Analysis of how to realize the principle of Spark2.x BlockManager 07/03 Update SLTechnology News&Howtos

Analysis of how to realize the principle of Spark2.x BlockManager

2025-07-03 Update From: SLTechnology News&Howtos shulou NAV: SLTechnology News&Howtos > Internet Technology >

Shulou(Shulou.com)06/01 Report--

This article will explain in detail how to achieve Spark2.x BlockManager principle analysis, the content of the article is of high quality, so the editor will share it for you as a reference. I hope you will have a certain understanding of the relevant knowledge after reading this article.

I. Overview

BlockManager is a module that is responsible for reading, writing and managing data at the bottom of Spark.

For each Spark task, the Driver node has a BlockManagerMaster instance, and there is a BlockManager instance corresponding to each Executor, which also constitutes a data management system of Master/Slaver architecture. For example, ShuffleWriter writes data to disk or content through BlockManager, and each Task also establishes a connection through BlockManger when pulling data, and then pulls data.

Here we first make a brief introduction to the principle of BlockManager.

II. Illustrating the overall structure of BlockManager

The architecture diagram is explained in detail below:

1. From the BlockManager principle architecture diagram, we can see that for each Spark task, Driver initializes a BlockManagerMaster instance, initializes and creates an BlockManagerMasterEndPoint instance. BlockManagerMasterEndpoint is a ThreadSafeRpcEndpoint class that receives message requests from Blockmanager in Executor and processes them accordingly. The implementation code in the SparkEnv class is as follows:

Val blockManagerMaster = new BlockManagerMaster (registerOrLookupEndpoint (BlockManagerMaster.DRIVER_ENDPOINT_NAME, new BlockManagerMasterEndpoint (rpcEnv, isLocal, conf, listenerBus), conf, isDriver)

two。 A set of HashMap data structure BlockManagerInfo information is managed in BlockManagerMasterEndPoint, and the corresponding relationship between BlockManagerId and BlockManagerInfo is saved. Here, it is equivalent to the metadata information of Block in each Executor. For example, after each BlockManager end adds or deletes a Block, the corresponding metadata information needs to be updated. The BlockManagerMasterEndPoint class implementation code is as follows:

/ / Mapping from block manager id to the block manager's information. Privateval blockManagerInfo = new mutable.HashMap [BlockManagerId, BlockManagerInfo]

The 3.BlockManagerInfo stores the status information of all the Block of the Executor. Here is also a HashMap structure, which stores the block and its BlockStatus information. The BlockManagerInfo class code is implemented as follows:

/ / Mapping from block id to its status.privateval _ blocks = new JHashMap [BlockId, BlockStatus]

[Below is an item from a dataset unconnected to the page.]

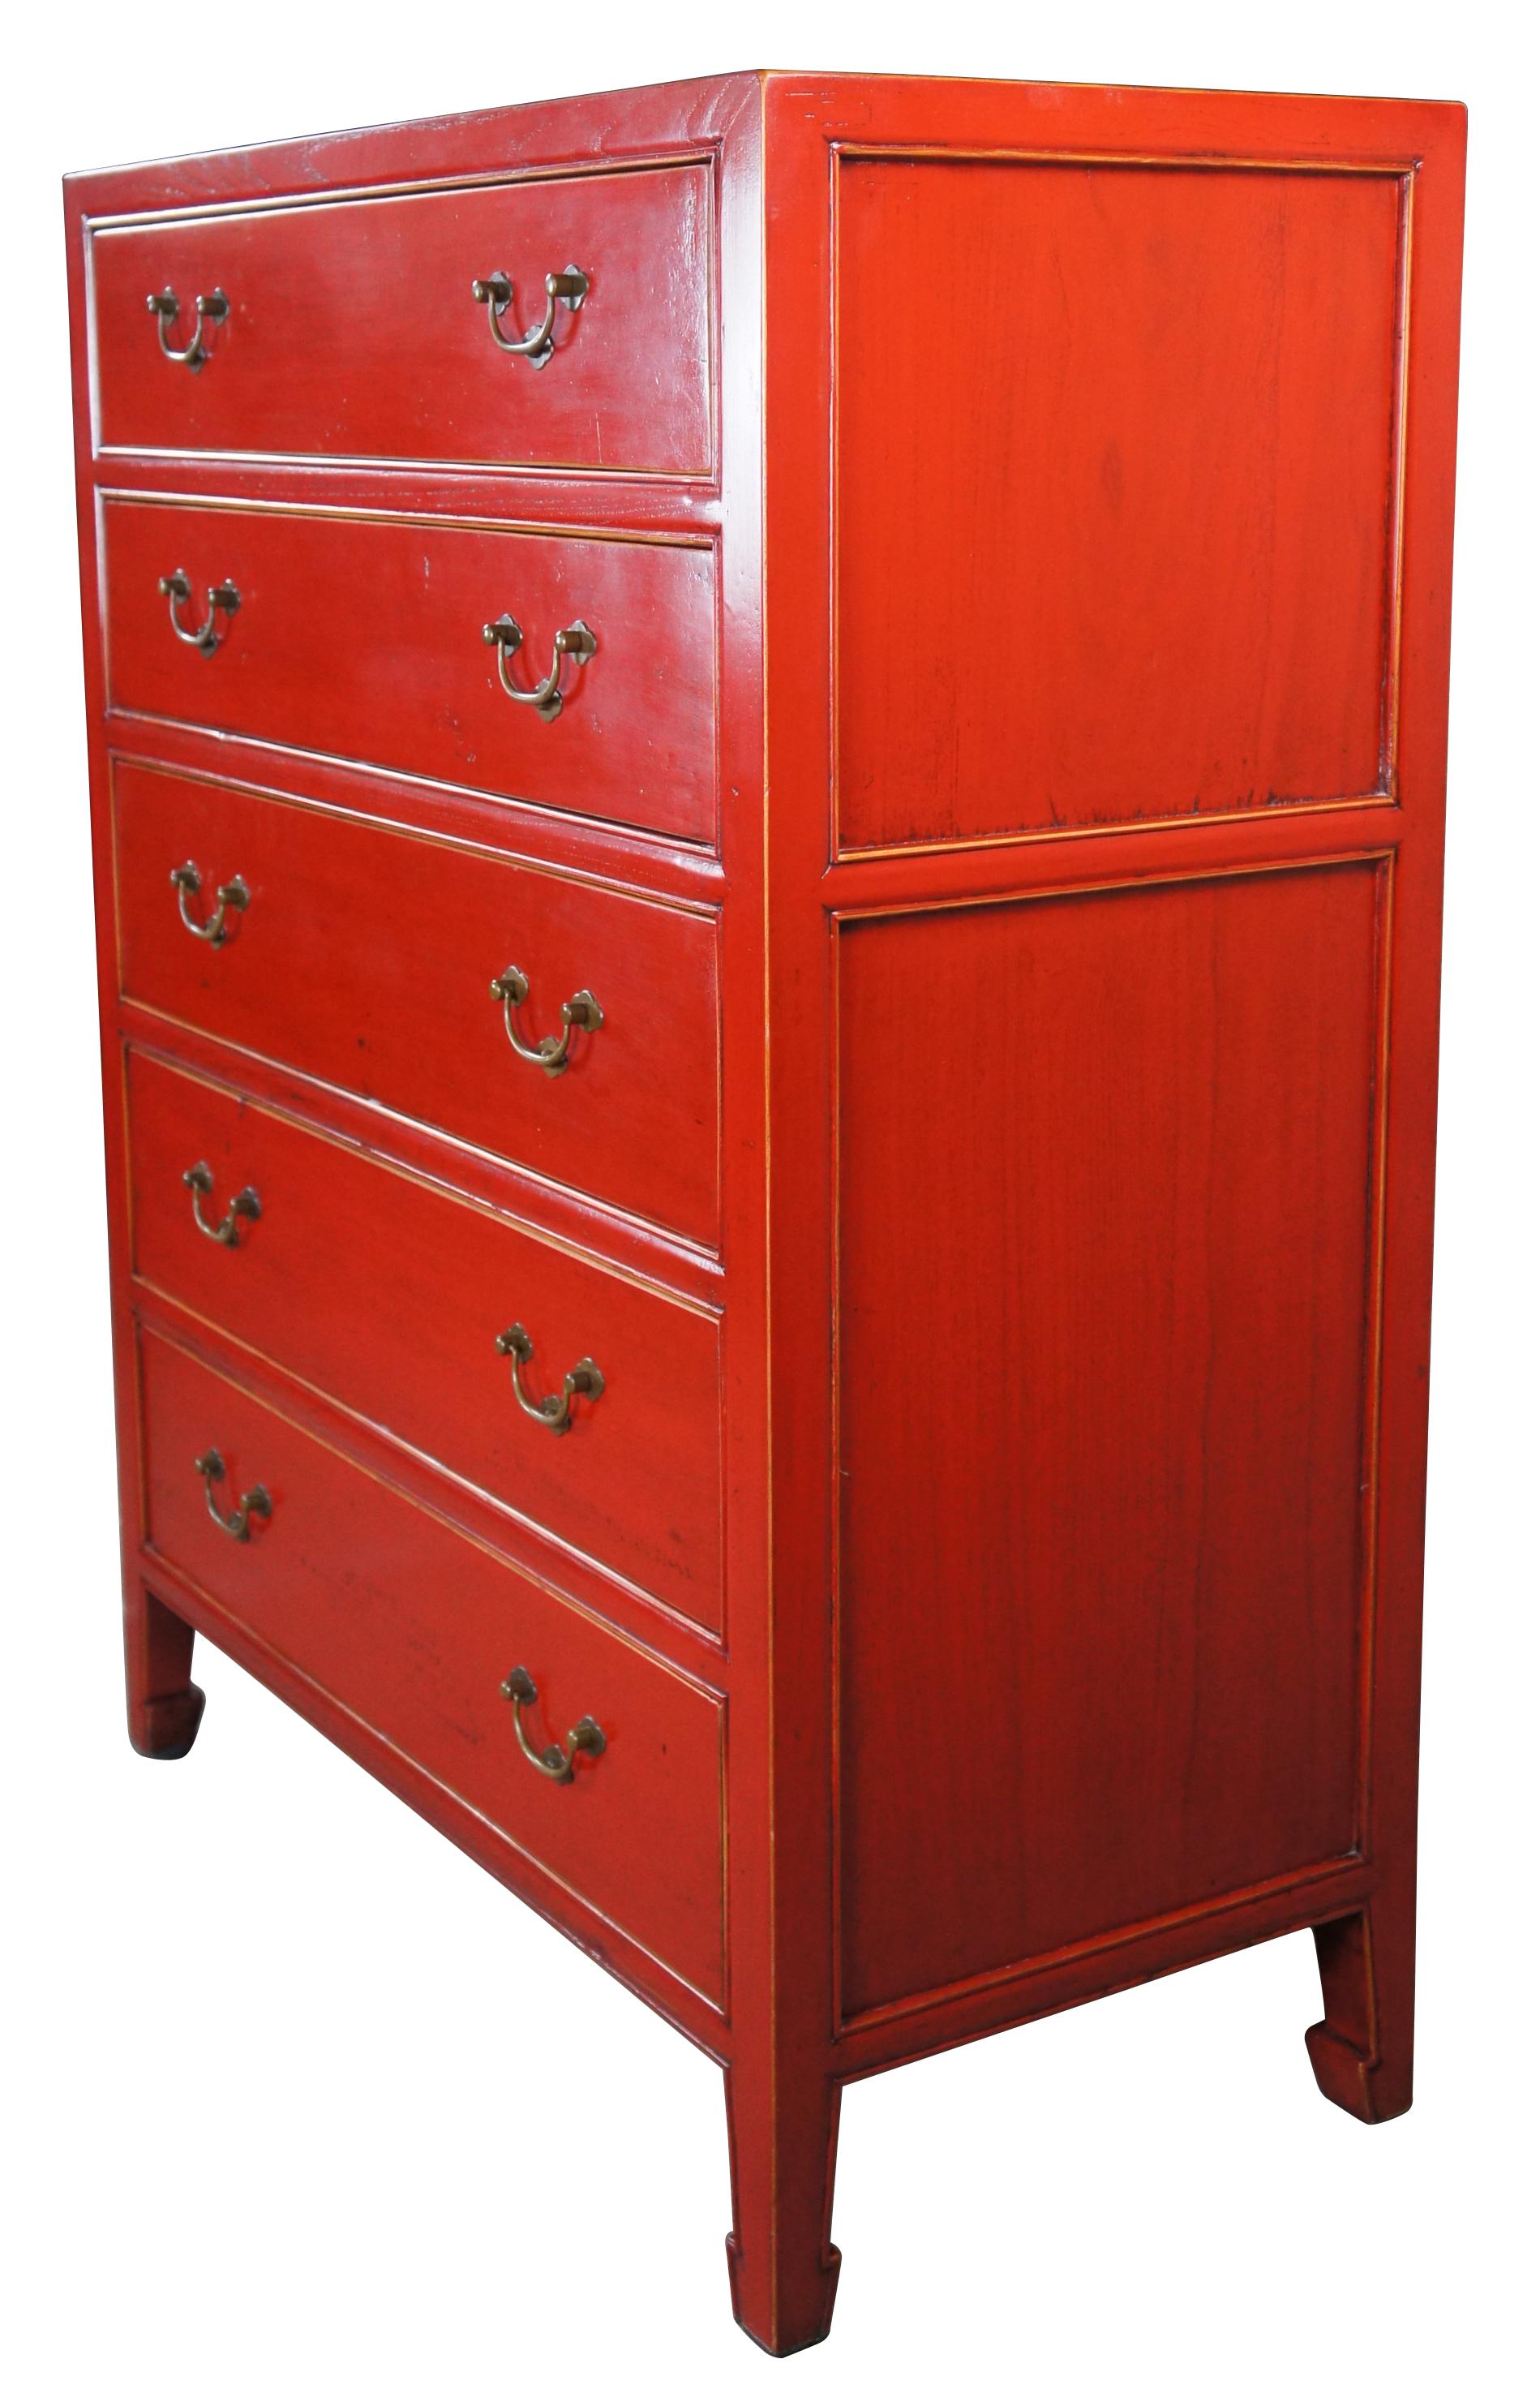 An impressive modern chinese red lacquer dresser, circa last half 20th century. Made from elm with classic Ming styling. Features 5 dovetailed drawers with brass bail hardware over tapered legs. With its vivid red color and natural wood undertones

To sum up, the Driver side actually maintains the block metadata information of each node through BlockManagerMaster. For example, the Block of each block manager will be updated here, such as adding, deleting, changing and other operations.

4. There is a BlockManager instance on the executor side, which has four important components. The general introduction here and the later source code analysis will be described in detail:

1) .DiskStore

Responsible for reading and writing disk data

2). MemoryStore

Responsible for reading and writing memory data

3). ConnectionManager:

Responsible for connecting to other BlockManger, for example, the ShuffleReader phase needs to pull data from the remote, which is responsible for the remote connection.

4). BlockTransferService

Here, ConnectionManager is responsible for data transmission after successful connection with other BlockManger.

The first thing to do after the 5.BlockManager is created is to register with BlockManagerMaster, and the corresponding BlockManagerInfo information will be added to its blockManagerInfo.

6. There is one thing to note here: when BlockManager writes data, it gives priority to writing data to memory. If there is not enough memory, it will write part of the data in memory to disk according to its own algorithm. In addition, if a copy of relication is specified, one copy of the data will be copied to another BlockManager using BlockManager, so there will be a situation where one Block has two BlockManger.

When 7.BlockManager reads data, such as the ShuffleReader phase, if it can read data locally, it will read locally, otherwise it will establish a connection with the remote BlockManager node through ConnectionManager. After the connection is successful, BlockTransferService will go to the BlockManager node to obtain the data.

8. Whenever the BlockManager side adds, deletes or modifies the data, it will send a message notification of BlockStatus changes to BlockManagerMaster, and then BlockManagerMaster will update the BlockManagerInfo metadata information maintained by itself.

On how to achieve the principle of Spark2.x BlockManager analysis to share here, I hope the above content can be of some help to you, can learn more knowledge. If you think the article is good, you can share it for more people to see.

Welcome to subscribe "Shulou Technology Information " to get latest news, interesting things and hot topics in the IT industry, and controls the hottest and latest Internet news, technology news and IT industry trends.

*The comments in the above article only represent the author's personal views and do not represent the views and positions of this website. If you have more insights, please feel free to contribute and share.